I think switching the dataset by using training argument of data_loader class would be simplest one.

change line 14 to 15 of data_loader.py which is

self.data_dir = data_dir
self.dataset = datasets.MNIST(self.data_dir, train=training, ...)

into

self.data_dir = data_dir
if training:
    self.dataset = datasets.MNIST(self.data_dir, train=training, ...)
else:
    self.dataset = datasets.FashionMNIST(self.data_dir, train=training, ...)

But in this case FashionMNIST will just load files from self.data_dir, which contains MNIST. That is because those data sets have identical format, making pytorch dataset class can't tell them apart. So, we should also change the directories where datasets are saved here.

if training:
    self.data_dir = os.path.join(data_dir, 'mnist')
    self.dataset = datasets.MNIST(self.data_dir, train=True, ...)
else:
    self.data_dir = os.path.join(data_dir, 'f_mnist')
    self.dataset = datasets.FashionMNIST(self.data_dir, train=False, ...)

This should work, but I did not tested yet.

arslansadiq commented 5 years ago

This is absolutely going to work. I will test it first thing when I'll be free. Earlier I coded it explicitly in test.py file where it is instantiating data_loader(line 14-21) like this:

data_loader = module_data.FashionMNIST("data/", batch_size=512, shuffle=False, validation_split=0.0, training=False, num_workers=2 )

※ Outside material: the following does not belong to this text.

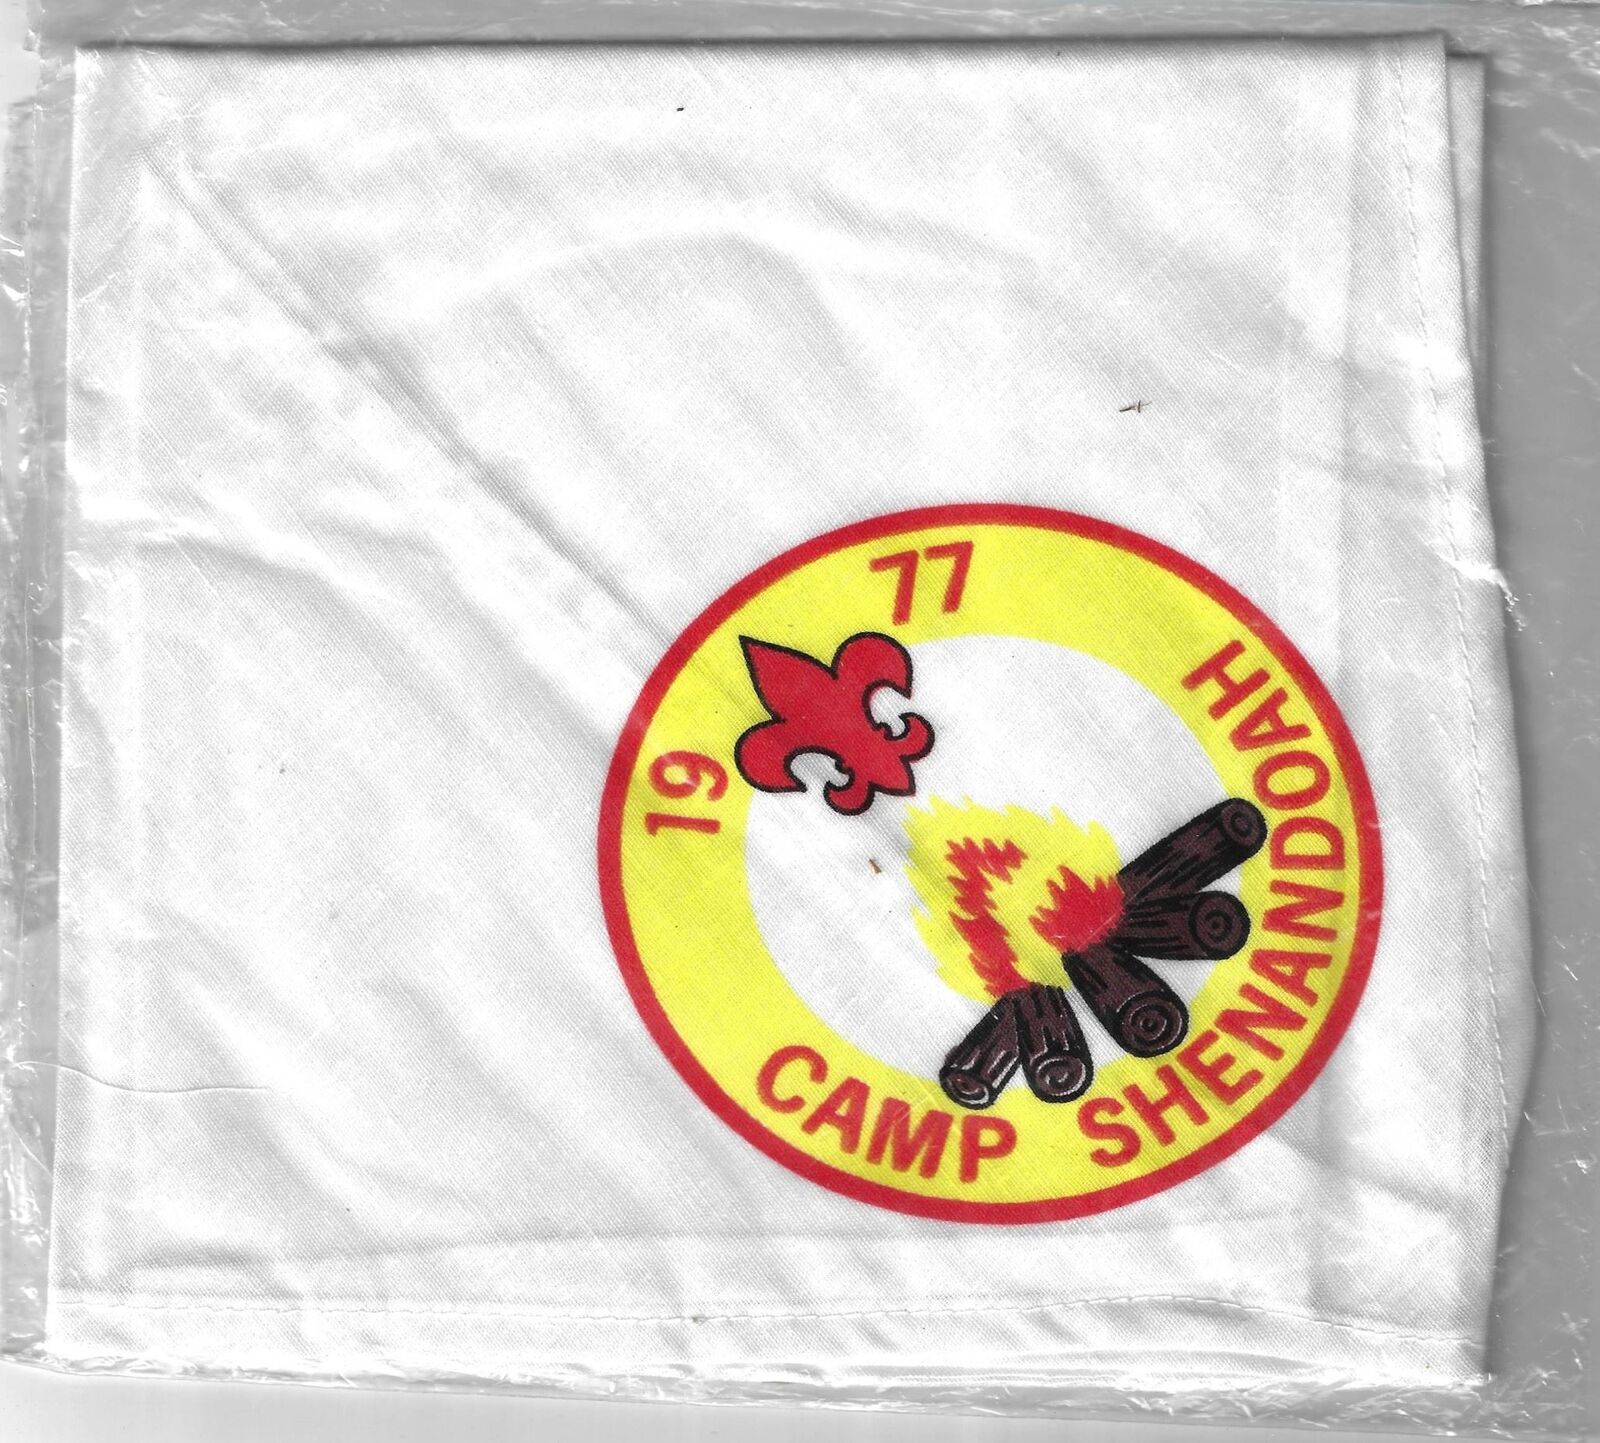 1977 Camp Shenandoah Neckerchief [NC-1911]

FashionMNIST is my data loader class in "data_loader/data_loaders.py".

I have couple other data loader modules there as well, and I need to cross test every datatset's test data with every other dataset's. So that means if I follow the solution you suggested then I'll need to pass some variable in to every module data_loaders.py and then put if else conditions or switch right?

I was looking for some solution like, manipulating it from model_best.pth or config.json file, if that's possible.

SunQpark commented 5 years ago

The config.json is saved into the saved/[model name], but there is another copy of config which is saved inside of model checkpoint (pth file). 'resume' option will load configuration not from the json file but the pth file, which makes those changes in json file ignored. I agree that this can be confusing a little bit and will try to find if there is simpler way of doing this.